Recent research in Artificial Intelligence (AI) has been focusing on techniques knows as “deep learning”, where algorithms are designed to evolve in a process that mimics biological evolution. For example, alternative explanatory models for a big data set are tried, and the more successful ones replicated and retested in succeeding generations, with each generation passing along the more successful features to succeeding ones. Deep learning algorithms have been very successful in developing predictive models that are far more accurate and efficient than brute force computer modeling (e.g. multiple linear regressions). The fields in which they are being used now include speech and image recognition, robotics, automated customer management, and games (such as Alpha-Go), as well as medical diagnostics, drug and genetics research, stock trading, remote sensing and logistics.
Researchers have identified two related issues with such algorithms. The first is that the evolved algorithms are very complex and incorporate data and analysis tools in ways that the researchers cannot explain. In essence, the algorithms have achieved a complexity that cannot be simply reverse engineered to figure out what they do. Much like human intuitive thinking, the algorithm has learned to get a good result but no one can explain why. The algorithm, like a human, is inscrutable. The second problem is that the algorithms cannot help distinguish between correlation and causation. In the field of diagnostic medicine, for example, understanding causal mechanisms is critically important. Imagine a doctor prescribing a treatment that an algorithm says will work but no one knows why.
When we deal with other human beings, we know that they, like us, are intuitive and therefore, to an extent, inscrutable. In addition, we also know that other humans can seek to deceive and manipulate. Our instincts and intuitions have developed in a context of constant interactions with other human beings. We have innate pattern-recognition capabilities that can glean information from the subtle clues of clothing, eye movements, posture, verbalizations – even chemical signals. In this very rich information environment, we learn the art of knowing how to judge other people, and who to trust. As social creatures, we also learn how we fit into the social order and how to manage the subtleties of power relationships. We are highly sensitive to power asymmetry between humans, and well aware from history of how badly such asymmetries can turn out.
The thought that we will rely increasingly on complex self-learning algorithms that give us results we cannot interpret may not seem particularly chilling. Yet any such human / algorithm relationship will be subject to one particular asymmetry that we should be concerned about – the asymmetry of information. To the extent this asymmetry leads humans to cede authority to inscrutable algorithms (as Cathy O’Neill discusses in Weapons of Math Destruction), a power dynamic will come into play and the risks of catastrophe rise dramatically. Just consider the incentives for hackers, programmers, corporate interests or governments to seek to manipulate such inscrutability to their own ends, not to mention the risk of inadvertent or undiscoverable errors leading to wildly inappropriate or destructive algorithmic behaviors.
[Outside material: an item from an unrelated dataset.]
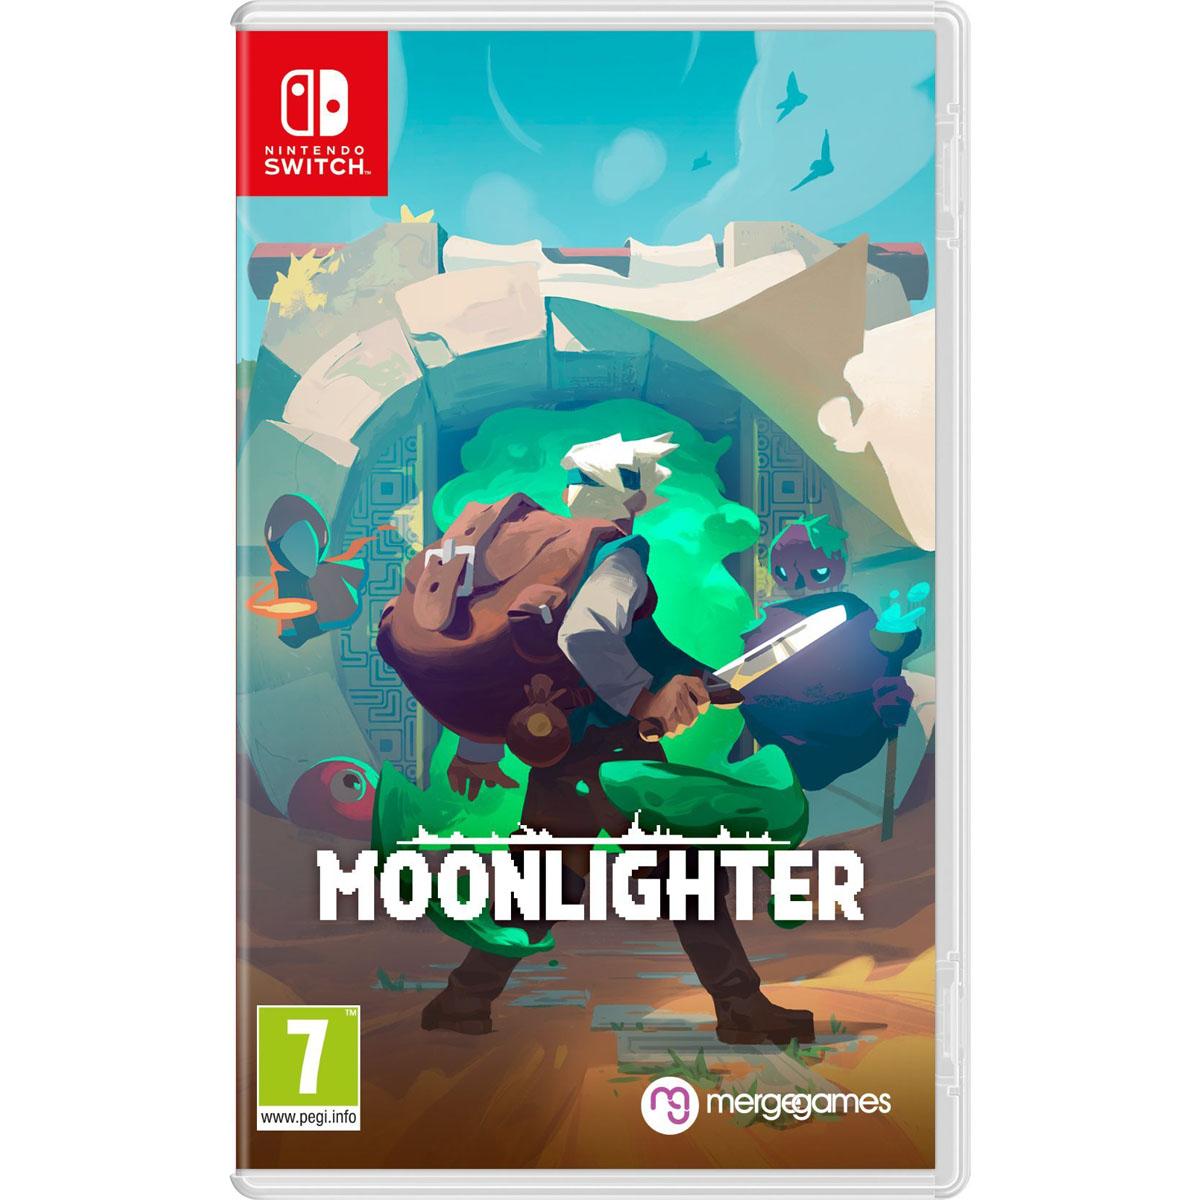 Moonlighter Nintendo Switch for $2.49

It took millions of years for humans to develop some capacity for determining whom to trust among their peers. For some thousands of years, humanity has been trying to learn to navigate power relationships in increasingly large and complex institutions by deciding which can be trusted. In a few years, we may have to invent procedures and protocols to help us decide whether and when to trust the machines and programs that we are now creating.
There is a reason why many regard AI as raising potential existential risks. (see http://swedenborgcenterconcord.org/chapter-iii-the-technology-race-to-super-intelligence/)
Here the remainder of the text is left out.